Бабушка усмехнулась.
– Чуть помедленнее сделай раствор, пощипывает руку. У женщины, с которой я работаю, внучка – волонтер, ездит туда постоянно после учебы.
– Ты… пошла на работу? – осторожно спросила я. – Ты вернулась в школу?
– Почти.
Я видела, что бабушка не проговорилась, а хочет мне что-то рассказать.
– Где ты работаешь, ба? Ты мне на каникулах ничего не говорила.
– Не говорила. Я неделю, пока у тебя была сессия, поработала, потом решила – нет, не смогу. А когда ты побыла на каникулах и уехала, дома опять стало так пусто… Таня измученная, устает донельзя, а я, здоровая, дома сижу. Я же нормально себя чувствовала, пока не упала.
– А упала ты почему?
– Не знаю. В гардеробе очень душно, он в подвале, то есть на цокольном этаже. Я потому и думала, что не смогу там продержаться. Окон нет.
– В каком гардеробе, ба? – как можно спокойнее спросила я.
– Я работаю гардеробщицей, Надя.
Понятно. Бабушка, заслуженный учитель, прекрасный знаток литературы, чуткий педагог, работает в гардеробе.

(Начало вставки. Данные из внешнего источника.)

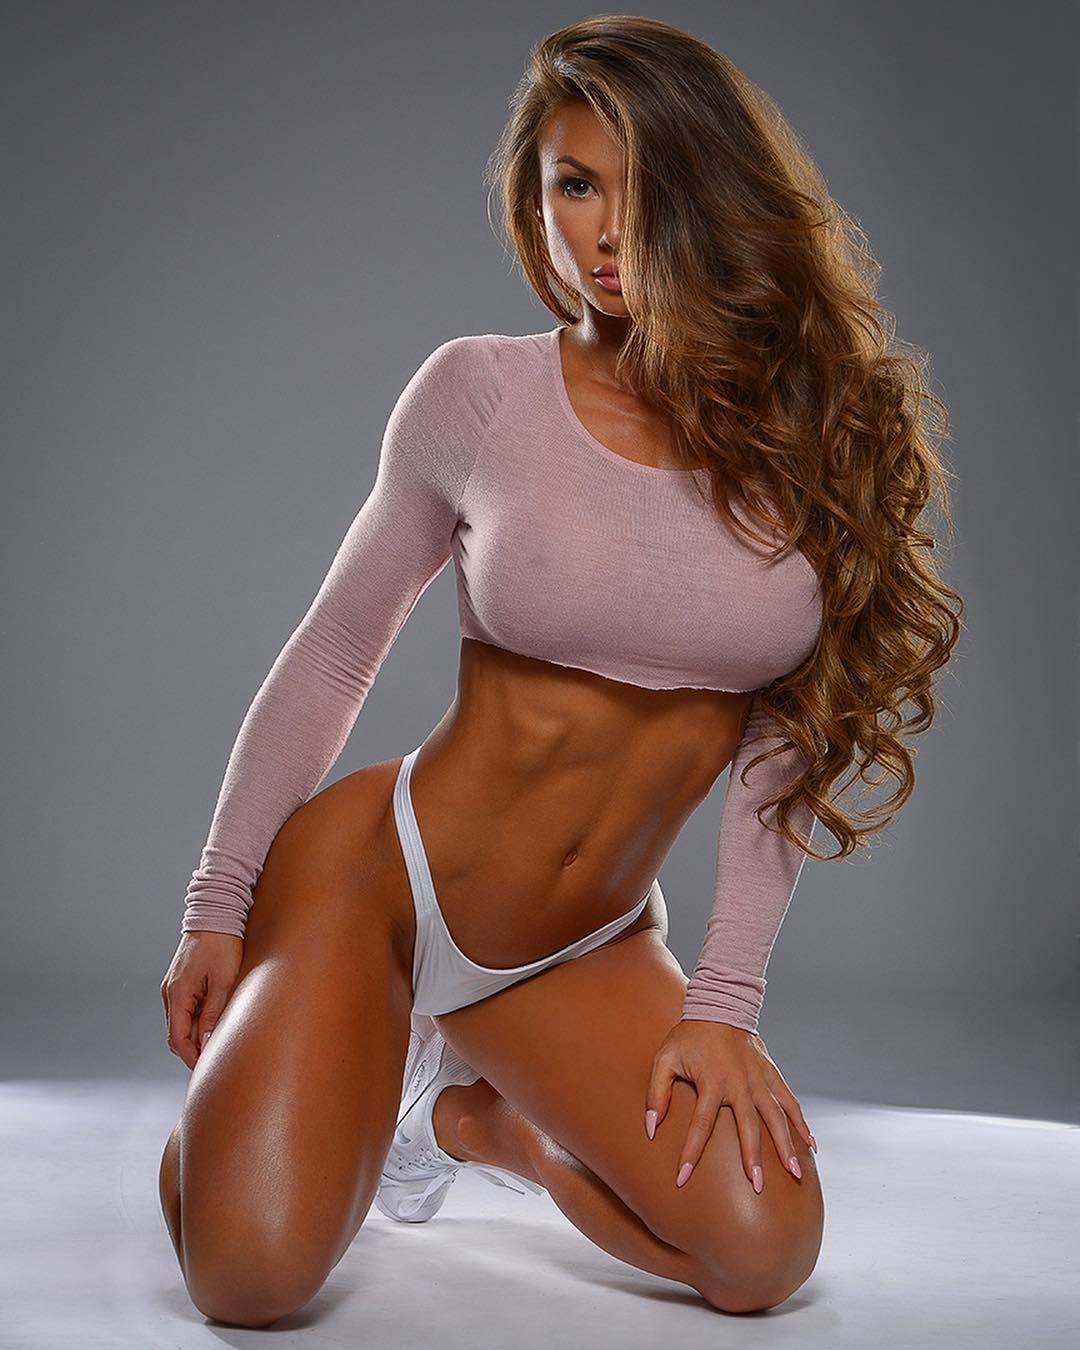 Hot nud fitness women bikini — img 6

– Ничего такого в этом нет, кстати, – улыбнулась бабушка. – Женщина, моя напарница, вообще кандидат технических наук. Ее институт давно закрыли. Теперь в институте разные фирмы, продают всё, что продается и не продается – питьевую воду, поездки, авиабилеты, косметику, шины… Она мыкалась и маялась, то здесь, то там работала, потом пришла в Дом культуры, спросила – нет ли для нее места, может, кружок какой вести. Ей говорят – кружки у нас молодые ведут. А для вас место – в подвале, в гардеробе. Хорошо, что там зеркало во всю стену – так веселее. Пространство расширяет…
Я молча кивнула.
– А в другой смене женщина – преподаватель музыкальной школы, ее тоже сократили по возрасту. Четвертая – еще не на пенсии. Детей вырастила, пошла устраиваться на работу – а куда ее возьмут, если она столько лет не работала? Высшее образование даже есть, а никакой квалификации. Торговать или в гардероб. И то угрожают, что возьмут ребят из Средней Азии, их завезли сейчас, кто говорит – сто тысяч, кто – двести. Как в Москве теперь у нас, всё как в Москве. А в Москве – как в Париже и Берлине. Они согласны на любую работу, могут стоять на ногах по четырнадцать часов, надо – и больше, голодные, холодные, едят что попало, спят вповалку и молчат – лишь бы своим посылать деньги. У них там по десять братьев и сестер. Их выбрали, чтобы они семью кормили. Они свою миссию ощущают. Я всё с одной девушкой разговариваю, которая убирается в Доме культуры, и с ее парнем, который двор метет. Жаль, они плохо по-русски говорят, очень трудно их понять. Но при желании можно. Они с виду-то забитые, но это совершенно не так, у них просто другая природа, другая культура. Мы их с моей напарницей чингисханами зовем.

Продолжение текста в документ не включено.